## INFORMATION SHOWN
########################################
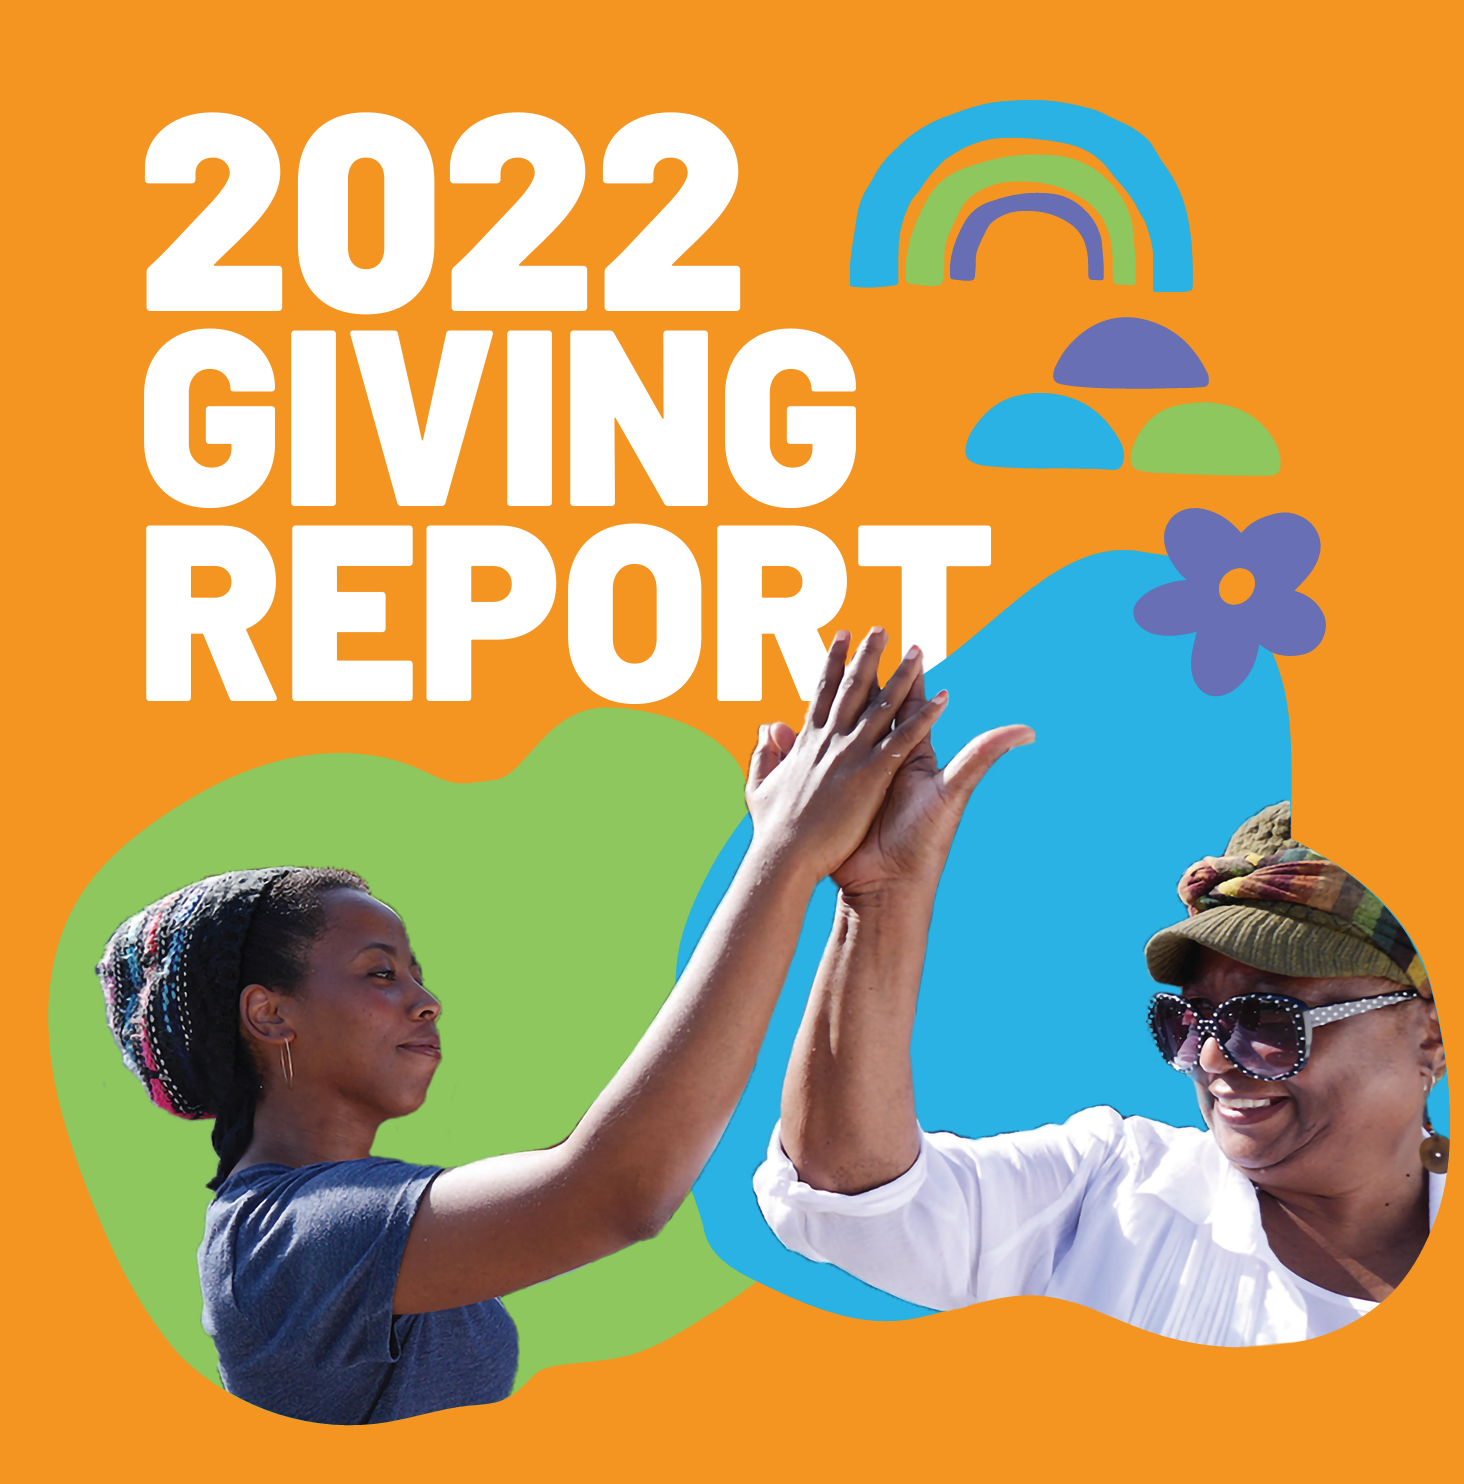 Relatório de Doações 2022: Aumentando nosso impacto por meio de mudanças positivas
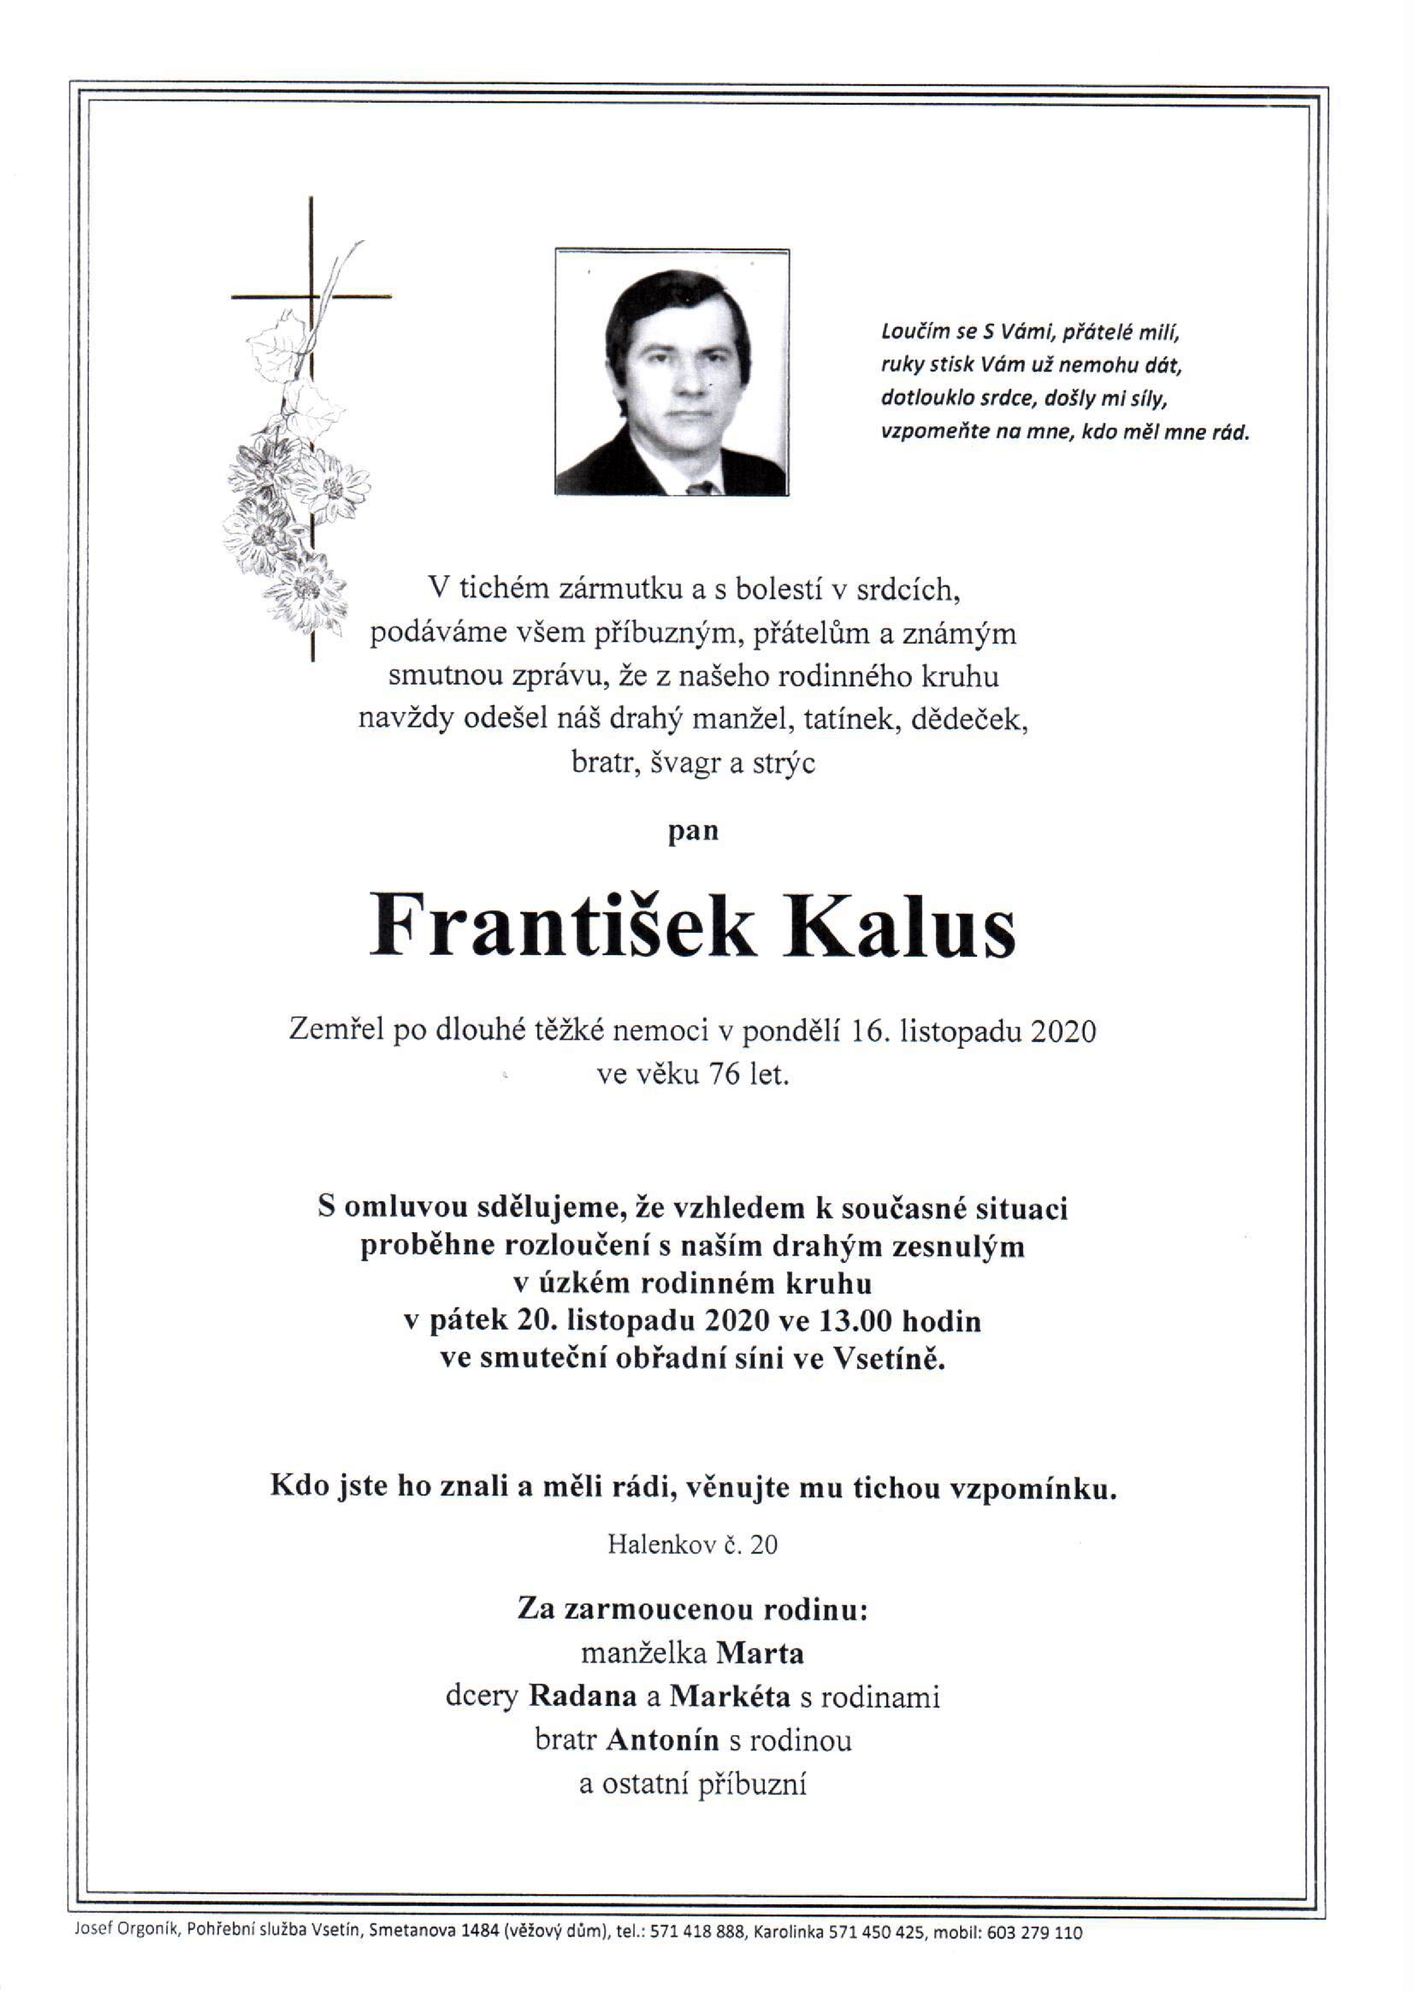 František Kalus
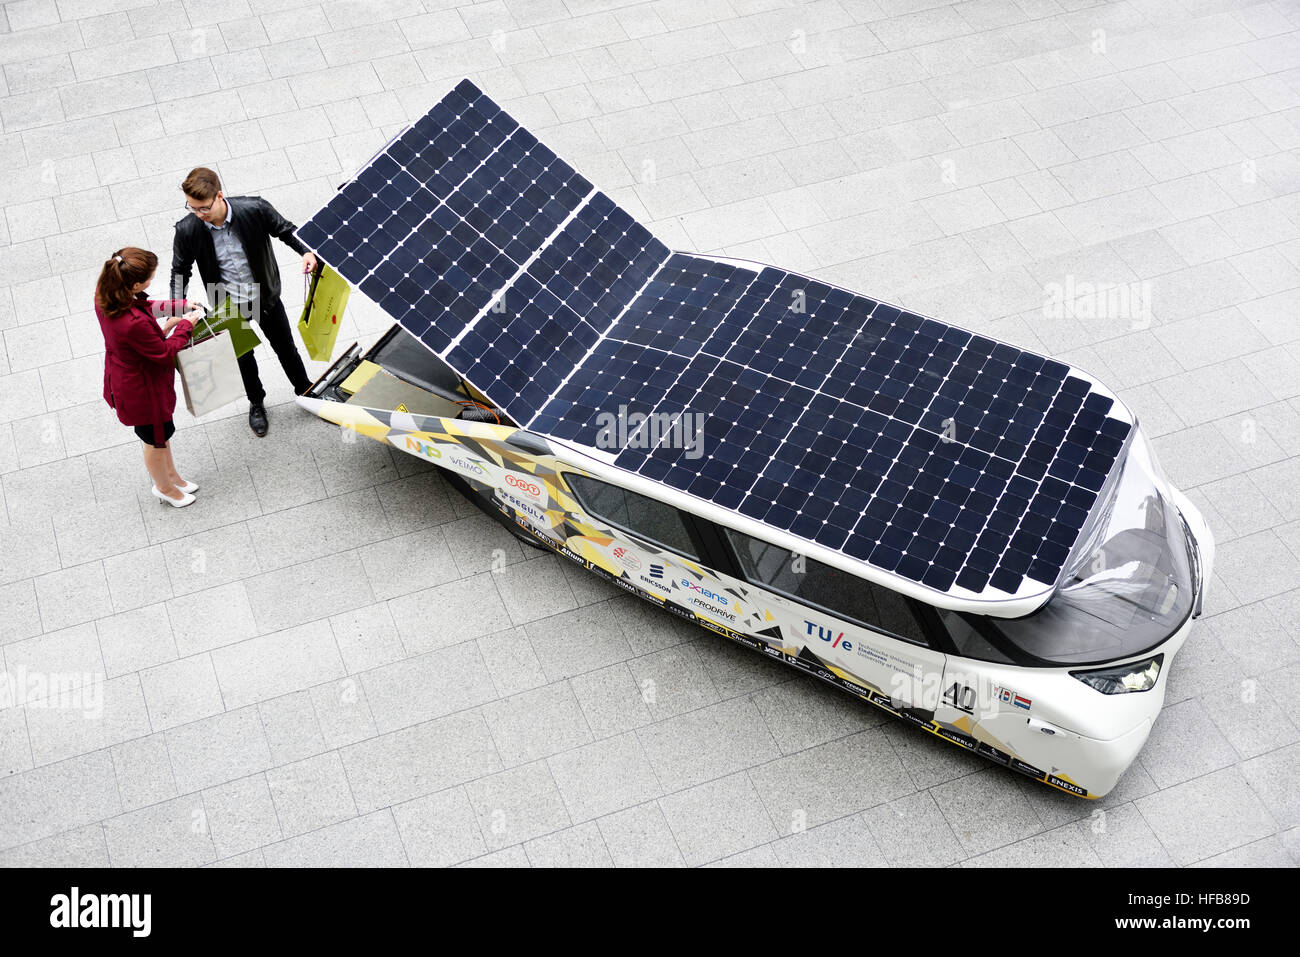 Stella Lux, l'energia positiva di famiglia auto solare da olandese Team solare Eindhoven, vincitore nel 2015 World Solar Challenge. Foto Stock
########################################
## EXERCISE DIRECTIONS
The answer should match the data above word for word, with no pictures in it.

## RESULT OF THE EXERCISE
 Relatório de Doações 2022: Aumentando nosso impacto por meio de mudanças positivas
 František Kalus
 Stella Lux, l'energia positiva di famiglia auto solare da olandese Team solare Eindhoven, vincitore nel 2015 World Solar Challenge. Foto Stock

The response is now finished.